For a fast-moving infectious disease such as influenza, whether seasonal or pandemic, or a newly emergent infectious disease, the ability to quickly evaluate the current spread of disease is crucial for understanding and forecasting the burden, particularly severe burden, on public health services such as GPs and hospitals. Evidence synthesis approaches to influenza transmission and severity estimation (e.g. Birrell et al (2011, 2018), Presanis et al (2014)) lead to complex hierarchical models, possibly non-linear, based on multiple data sources that are observational, may be subject to selection and other biases, and may be arriving daily in the midst of an outbreak. Such data sources might include GP consultations for influenza-like-illness and sentinel surveillance of virological testing and hospital admissions, for example.

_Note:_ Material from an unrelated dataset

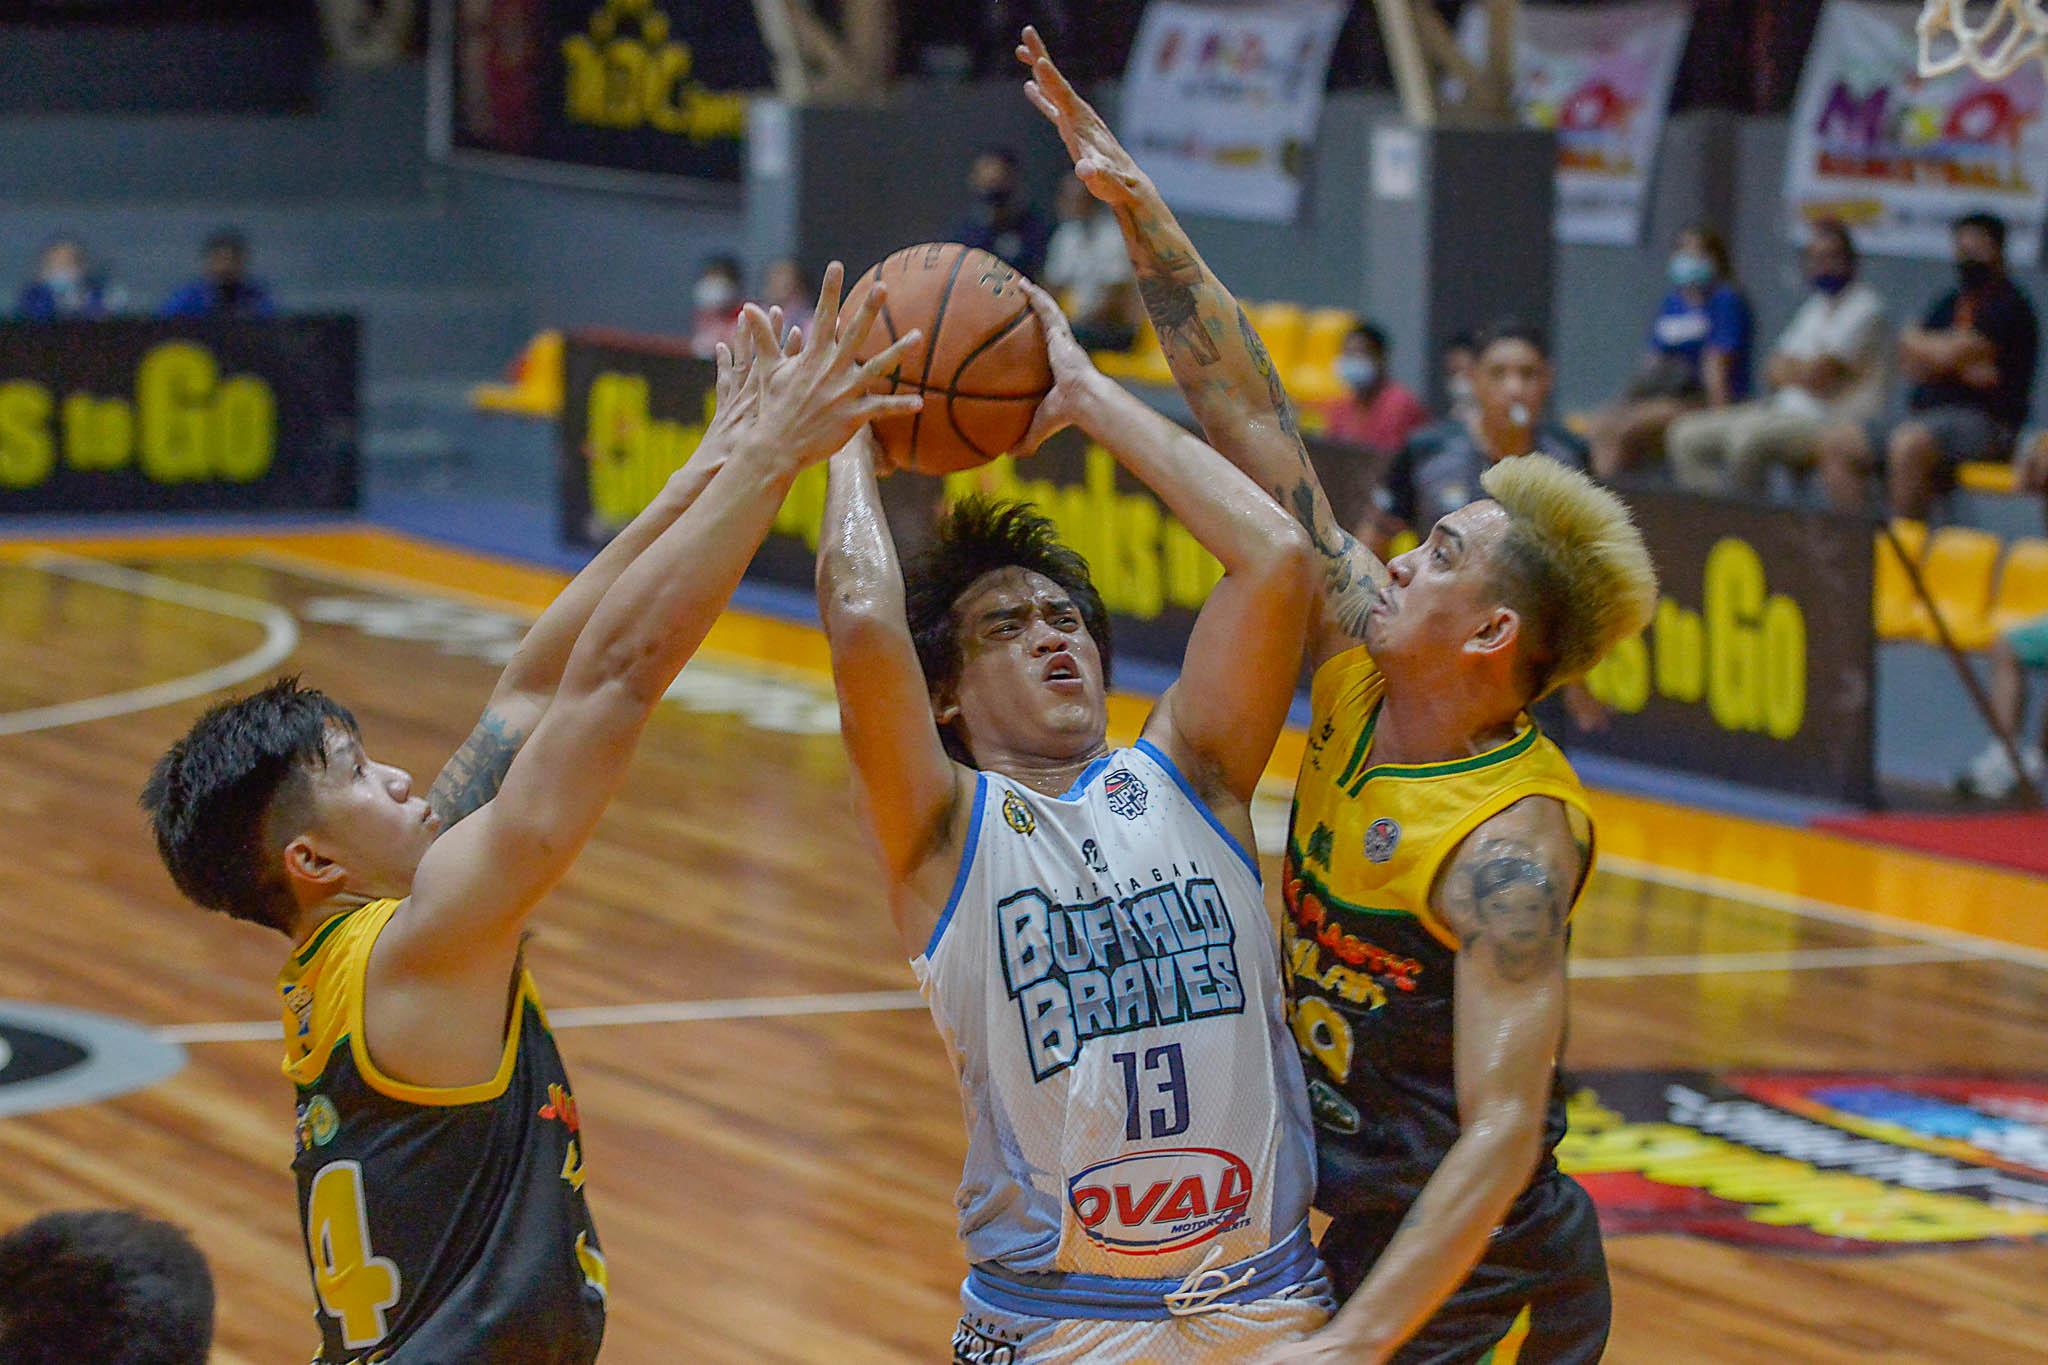 2021-Chooks-to-Go-VisMin-Kapatagan-vs-Basilan-Shaq-Alanes Basilan's Cabiltes shares secret to breaking VisMin, D-League records Basketball News VisMin Super Cup  - philippine sports news

In such a context, it is important to understand the consistency of the model with each data source and of each data source with each other. Understanding such potential conflict, e.g. between model predictions and observations, is even more crucial when modelling transmission in real-time, to allow for rapid model adaptation and development to account for such conflict. Methods to assess predictive ability such as scoring rules (Held et al, 2017), which are highly related to the “conflict p-value” (Presanis et al (2013, 2018)), a posterior predictive approach to measure conflict, based on cross-validation approaches separating evidence into independent partitions, will be explored in the context of real-time estimation (Birrell et al (2018), Nemeth et al (2014)).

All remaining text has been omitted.